TRIM28-mediated SUMOylation of SREBF1 drives PD‑L1 N‑glycosylation and immune evasion in bladder cancer

Abstract Bladder cancer progression is frequently accompanied by metabolic reprogramming and immune escape, yet how these processes are coupled remains unclear. Sterol regulatory element-binding transcription factor 1 (SREBF1) governs lipid homeostasis and is often deregulated in cancer. We find that SREBF1 is upregulated in human bladder tumours and associates with invasion, metastasis and poor patient outcome, critically, it sustains tumor growth by driving immune evasion.
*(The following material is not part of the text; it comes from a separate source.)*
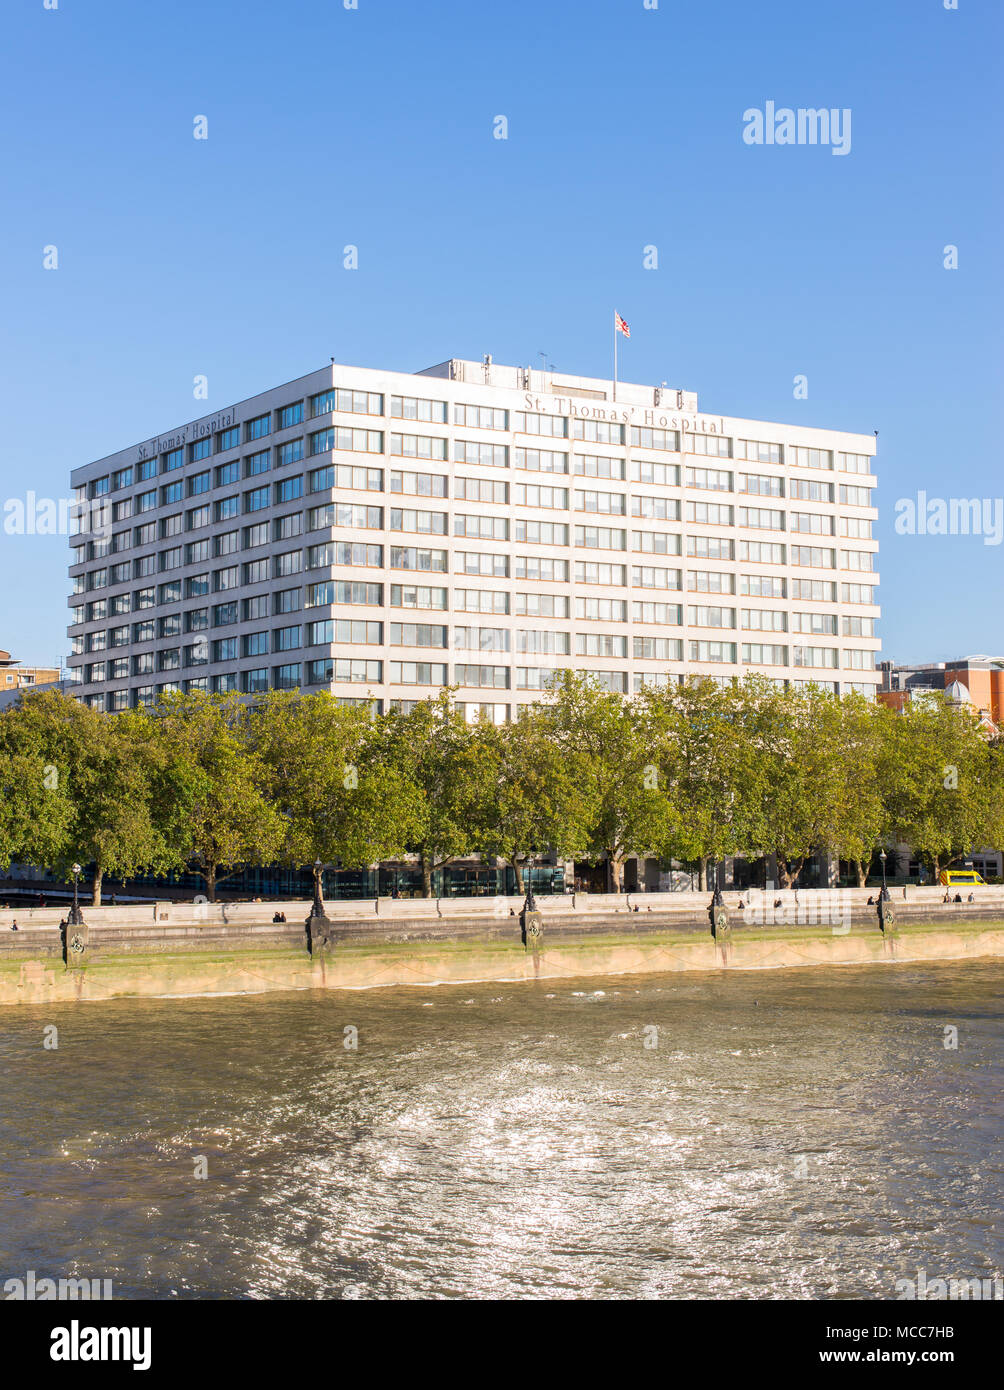 St Thomas' Ospedale sulle rive del fiume Tamigi è un grande insegnamento di NHS Hospital di Londra, Inghilterra. Foto Stock

Mechanistically, SREBF1 directly interacts with the SUMO E3 ligase TRIM28, which catalyses SUMO2 conjugation of SREBF1 at K470, antagonizes K48-linked ubiquitination and stabilizes SREBF1. TRIM28 further enhances SREBF1 occupancy at the MGAT4A promoter and upregulates MGAT4A, thereby promoting N-linked glycosylation of PD-L1, which stabilizes PD-L1 and increases its plasma-membrane localization, dampening CD8 + T-cell cytotoxicity. In immunocompetent mice, TRIM28 knockdown reduces tumor growth, lowers PD-L1 and increases CD8 + T-cell infiltration—effects reversed by SREBF1 overexpression; in an immune-augmented human PDX model, SREBF1 targeting synergizes with anti–PD-1 without overt toxicity. These findings identify a TRIM28–SREBF1–MGAT4A axis that couples lipid metabolic rewiring to immune-checkpoint regulation via PD-L1 N-glycosylation, positioning SREBF1 as a biomarker for BCa progression and risk stratification and as a druggable node to potentiate PD-1 blockade.